We’ll be breaking down the top 100 into multiple installments, so keep an eye out as they’re released.

These lists are, by nature, subjective. If you disagree, leave your thoughts/ranks in the comments.

Braden Keith, Sophie Kaufman, Anya Pelshaw and Mark Wild contributed to this report.

Women’s Rankings:

#10: Siobhan Haughey, Hong Kong – Haughey only won one medal, silver in the 100 free, at Worlds last year. But she has double gold medal potential in the 100 and the 200 free in Paris. Mollie O’Callaghan stands in her way, though Haughey feels like she’s just one perfect meet away from being the best swimmer in the world. The 26-year-old Hong Kong native is also the top seed in both the 100 and 200 free heading into Doha, where she could be a double world champion, and is also in position to fight for a medal in the 100 breast. Last year, she ranked #1 in the world in the 100 free (52.02), #4 in the 200 free (1:53.96) and #9 in the 50 free (24.30) in addition to sitting 11th in the 100 breast and 12th in the 400 free. She also has five individual medals, including three gold and back-to-back titles in the 200 free, over the last two Short Course World Championships, so look for Haughey to do some damage at the end of the year in Budapest.

#9: Zhang Yufei, China – The defending Olympic champion in the 200 fly, Zhang appeared as though she was shifting her focus away from the event after scratching it last year at the World Championships, but she came back with an elite 2:05.57 showing at the Asian Games that ranked #4 in the world. She’s probably the Olympic favorite in the 100 fly after winning the world title last year—she was the only swimmer under 56 seconds in 2023—and is in the mix for another medal in the 50 free after picking up bronze in Fukuoka in a blistering 24.15. As for the 200 fly, the 25-year-old still owns history’s third-fastest swim ever from Tokyo (2:03.86), and will need to be in that vicinity to challenge for gold, and maybe back under 2:05 to even medal.

#8: Sarah Sjostrom, Sweden – At 30, Sjostrom just keeps going. She broke the world record in the 50 free last year in 23.61, with no one else on the planet under 24 seconds.
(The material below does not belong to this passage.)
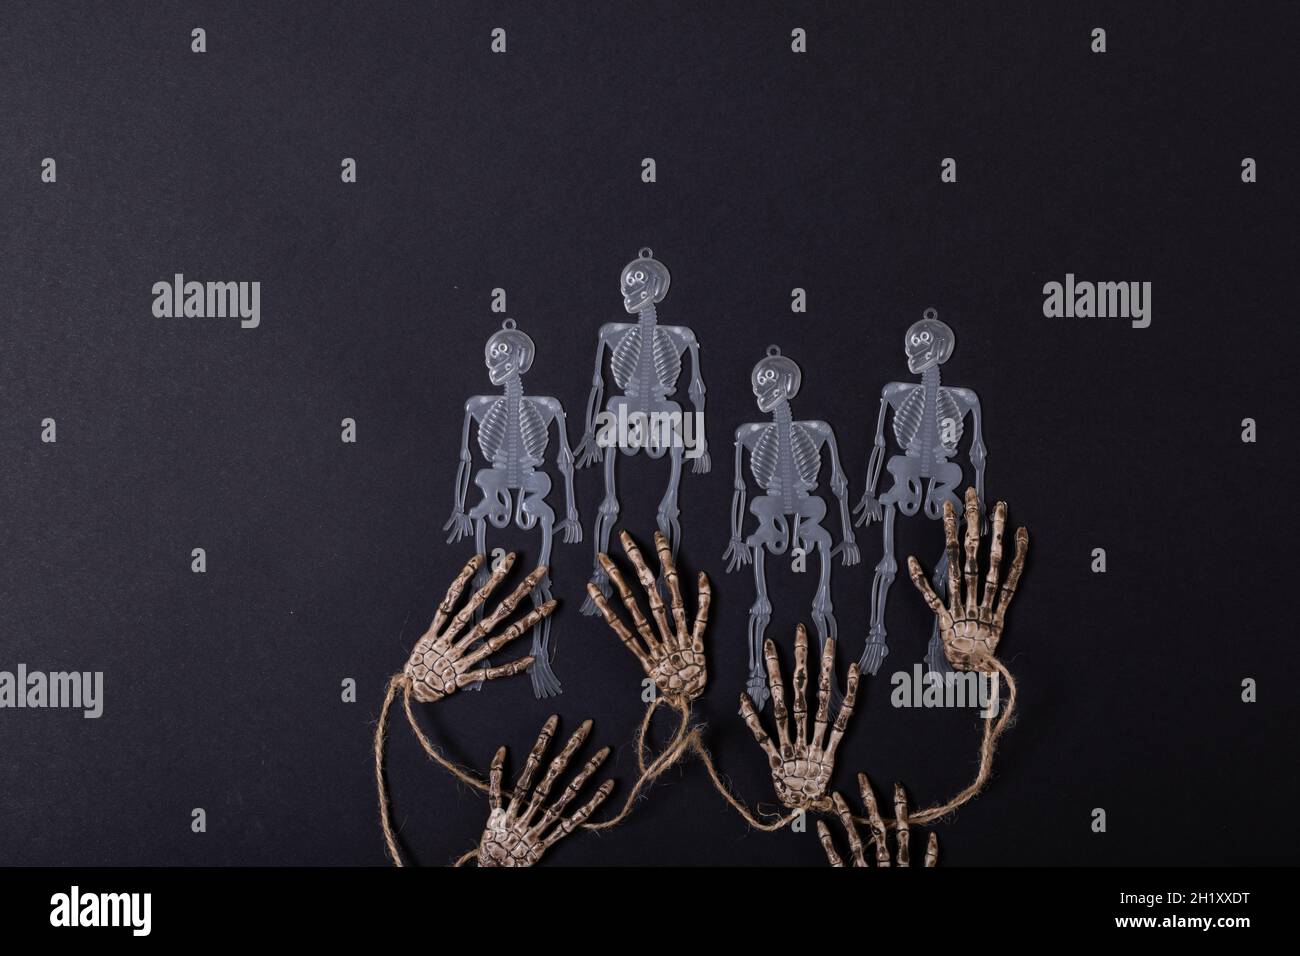 Composition de décorations d'halloween avec des squelettes et des mains sur fond noir Banque D'Images

She has pared down her event schedule since Tokyo in the lead-up to Paris, following in the footsteps of Sweden’s last legendary swimmer, Therese Alshammar. Sjostrom’s 50 free alone puts her firmly inside the top 10, but she’s also entered in the 50 fly and 100 free in Doha, giving her a chance at winning three more world titles. In Paris, she seems to be past the 100 fly, but was #3 in the world last year in the 100 free (52.24) and will likely aim for the sprint double.

#7: Kate Douglass, USA – It feels like cheating to use KD’s 2:19.30 in the 200 breast from January 13 in these rankings, but her collegiate “can’t miss, every meet” approach is now bleeding over into her long course racing. She is also arguably the United States’ most important relay piece. She has to be the favorite in the 200 IM (though not without serious challengers), and unless Chikunova gets neutral status she might become the favorite in the 200 breast as well. Then it’s just a matter of how many relay medals she can pull in. Could the 50 free, 100 free or 100 fly factor into her event schedule as well? Douglass, 22, also owns six entries in Doha, including the top seed in the 200 breast and 200 IM.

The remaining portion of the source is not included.